SSA algorithm performance was evaluated for its dependence on seed orientation. The cylindrical geometry and highly specular reflective symmetry of the seed make the efficacy of the algorithm depend upon the angle between the seed and the ultrasound beam axis. The findings of this study suggest that while the SSA algorithm performs well at modest angles, it performs far better than conventional B-mode imaging over a wide range of angles. The far superior contrast obtained in the P-mode image compared to the B-mode image was demonstrated quantitatively as illustrated in Fig. 7. Certainly, finding a way to improve the algorithm to perform at larger angles would be of great value, but considering the modest echo strength of the seed at angles greater than 10°, the algorithm would need to be made robust in low SNRs and high-clutter environments. Our hope is that the SSA algorithm performs well in real-time during the implantation procedure so that it can be used even if its most-reliable performance occurs at angles below 10°.

At this stage of development, making the SSA algorithm real-time is not yet a priority. Nevertheless, by simple optimization of our Matlab (Mathworks Inc., Natick, MA) programs along with improvements in computer technologies, we have been able to reduce the processing time necessary to generate a P-mode image by about 60% to less than 1 min. While this is still far from real-time, we are confident that the SSA algorithm can be implemented in a more-rapid manner (e.g., using C++ language) and we anticipate that using graphics processing units can reduce the necessary processing time sufficiently to allow for clinically practical, real-time computation of P-mode images.

Our scoring system offers a quantitative and systematic means of evaluating the performance of any seed-imaging algorithm whose output is a spatial “likelihood” map. In this study, we compared B mode and P mode, but other investigators may develop other imaging approaches, and their performances could be compared objectively using our score metrics.

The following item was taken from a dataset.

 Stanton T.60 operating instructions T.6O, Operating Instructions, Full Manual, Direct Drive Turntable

Also, new TRUS probes that are currently becoming available will allow for obtaining real-time three-dimensional (3D) B-mode images of the prostate either through mechanical scanning or through beam-forming algorithms. For example, the probe of the TargetScan system (Envisioneering Medical Technologies, St. Louis, MO) contains a single-element transducer that is mechanically scanned inside the probe to obtain a series of adjacent sector scans leading to a complete 3D data set.16 A slightly different approach is used in the probe of the Sonablate-500 system (Focus Surgery Inc., Indianapolis, IN) which contains two transducers: one for high-intensity focused ultrasound treatment and one for imaging. Both transducers can be mechanically scanned within the probe to image or treat the prostate in a 3D fashion.17 We hypothesize that the SSA algorithm used in conjunction with advanced TRUS probes may become an extremely valuable tool because each seed within the gland would be insonified at a modest angle (e.g., <10°) with respect to one of the insonification axes employed (or simulated) by such TRUS probes.

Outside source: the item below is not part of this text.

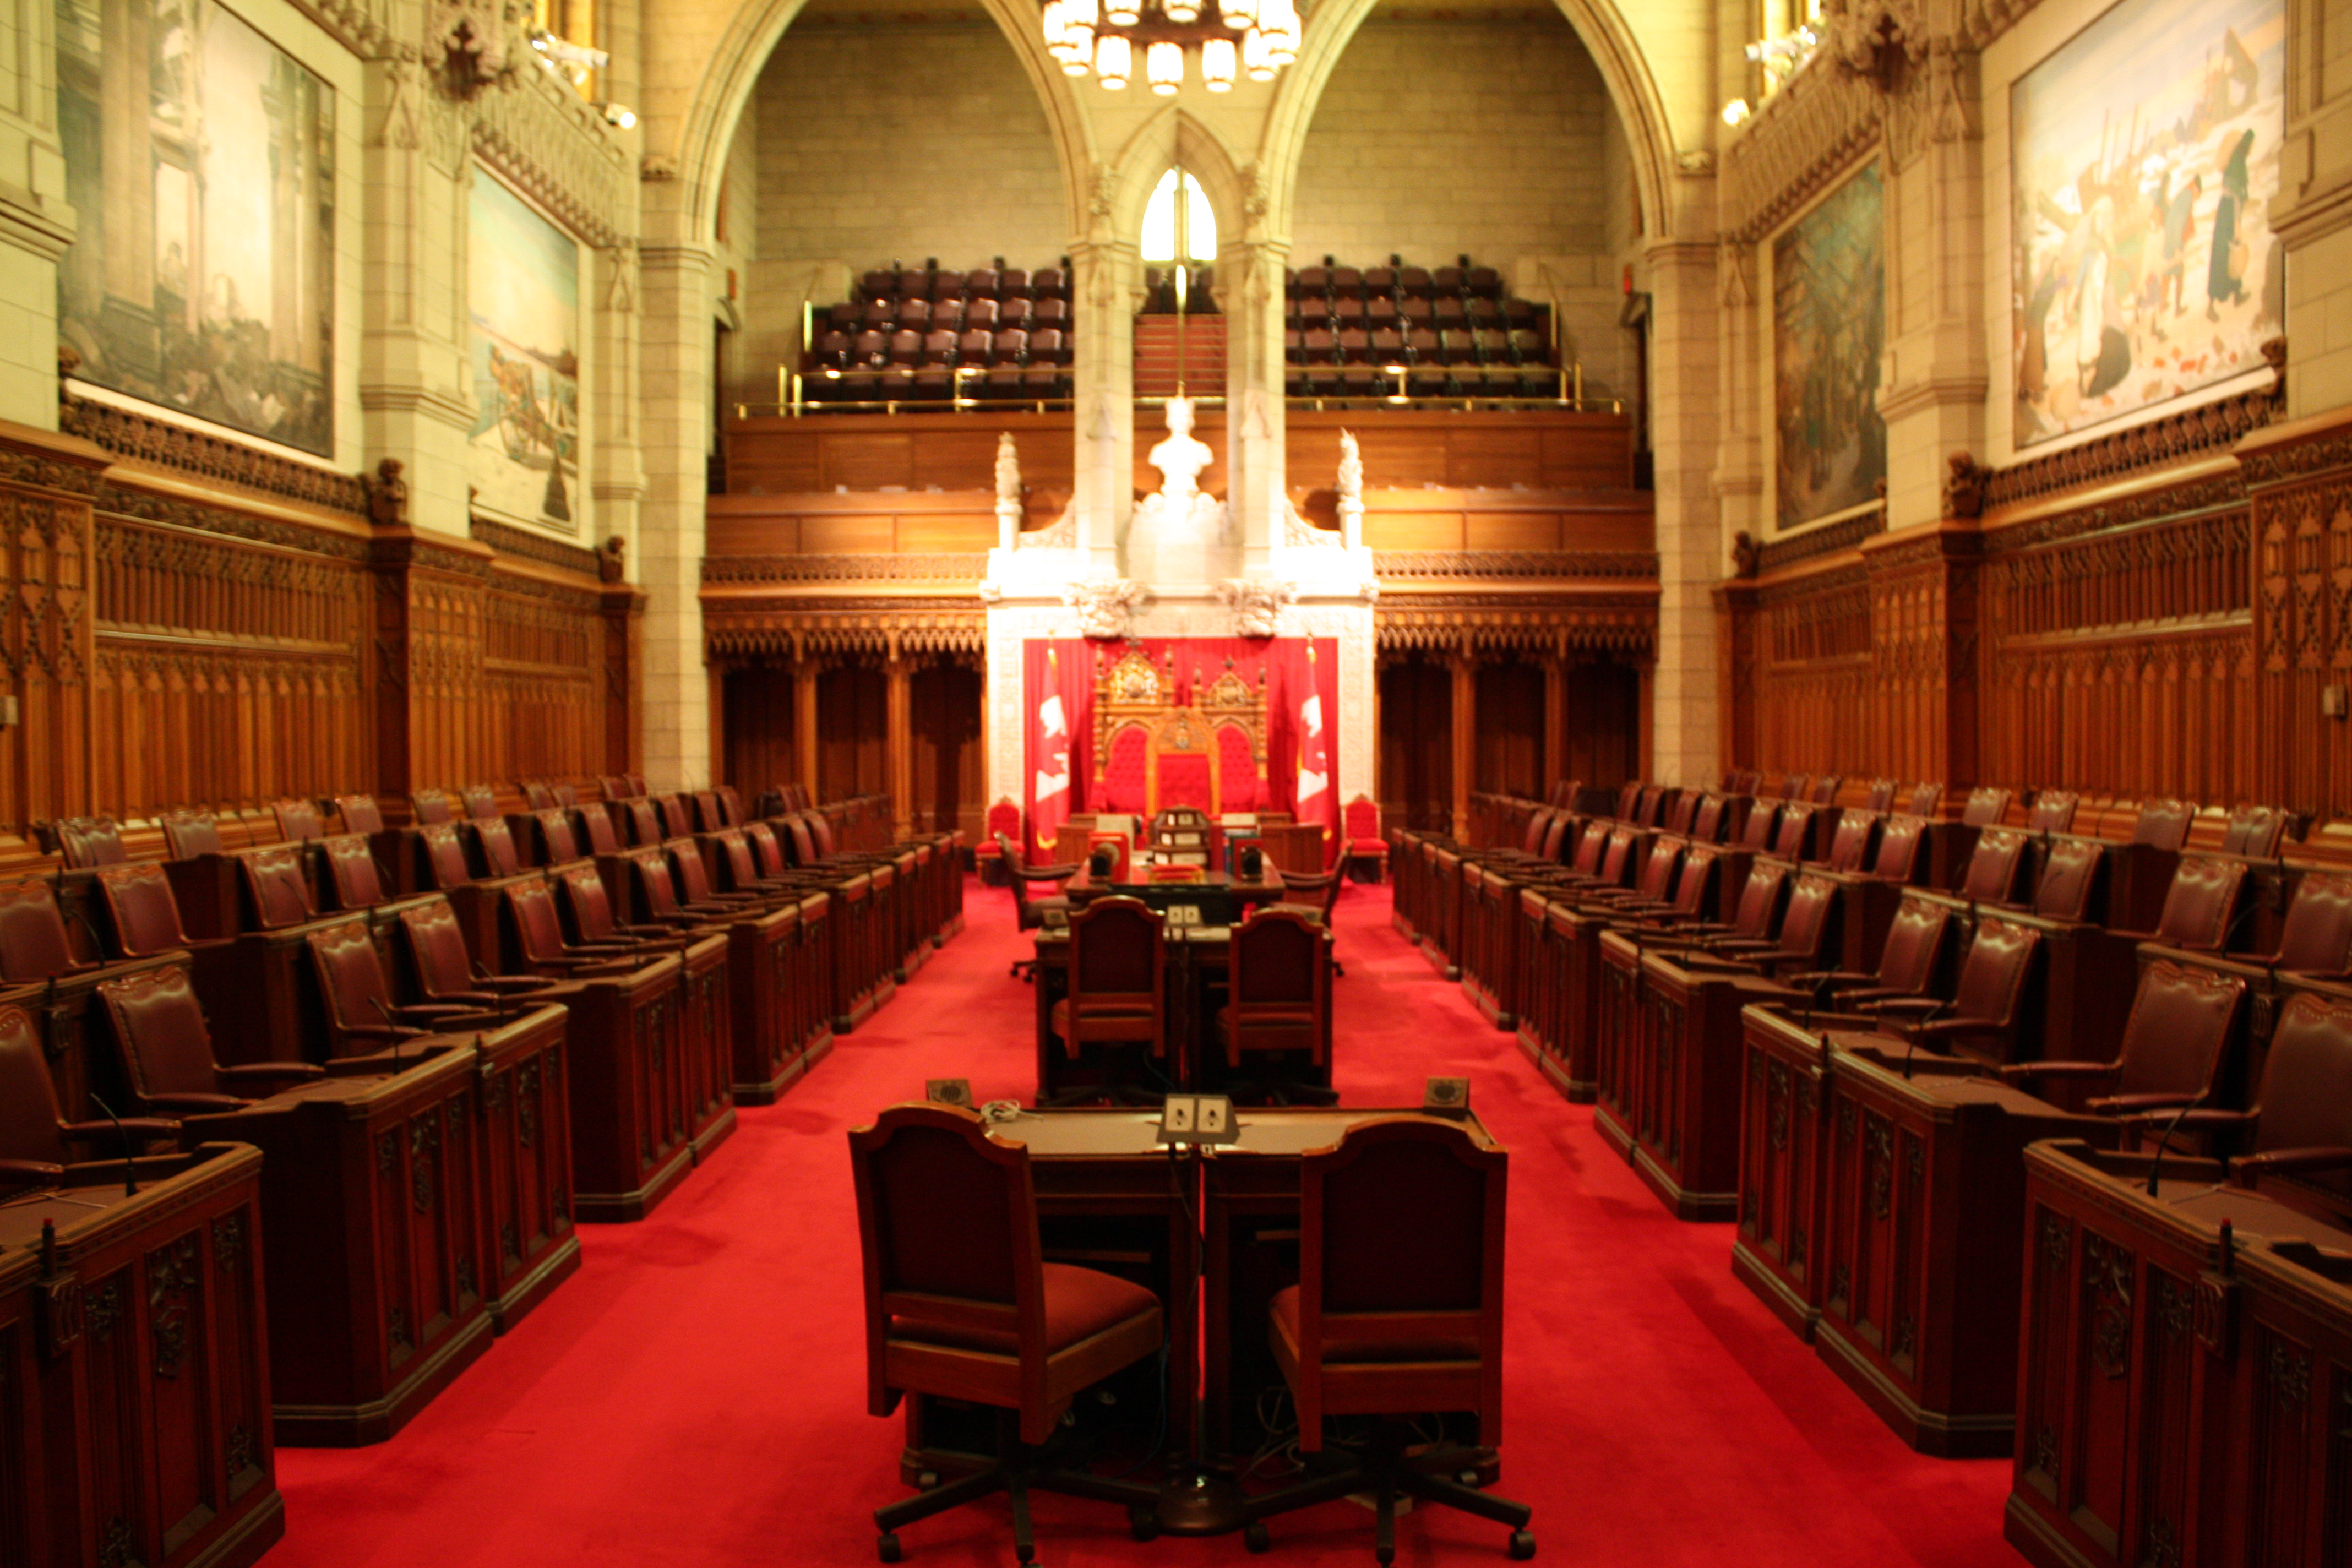 Parliamentary chamber with rows of chairs and desks, a red carpet, and a gallery.

Another thrust of our investigation is to understand the physical origin of the repetition signals backscattered from a seed. To date, we have not yet determined conclusively what the origin of these signals is. Our hope is that if we fully can comprehend how the repetition signals originate, then the SSA algorithm can be optimized to be more specific to seed repetitions than to actual tissue structures that might be about 1 μs apart (i.e., ∼0.75 mm). This certainly would decrease the incidence of false-positives that result from randomly occurring periodic arrangements of scatterers in the prostate gland. We also will seek to determine whether we can predict how the repetition changes as a function of seed orientation. The SSA algorithm then could be used not only to detect and images seeds, but also to recover orientation information.

Finally, we are initiating a clinical study with the current version of the SSA algorithm. The algorithm will be tested over a large number of patients to obtain receiver operator characteristic curves that will provide an objective assessment of algorithm performance under actual clinical conditions.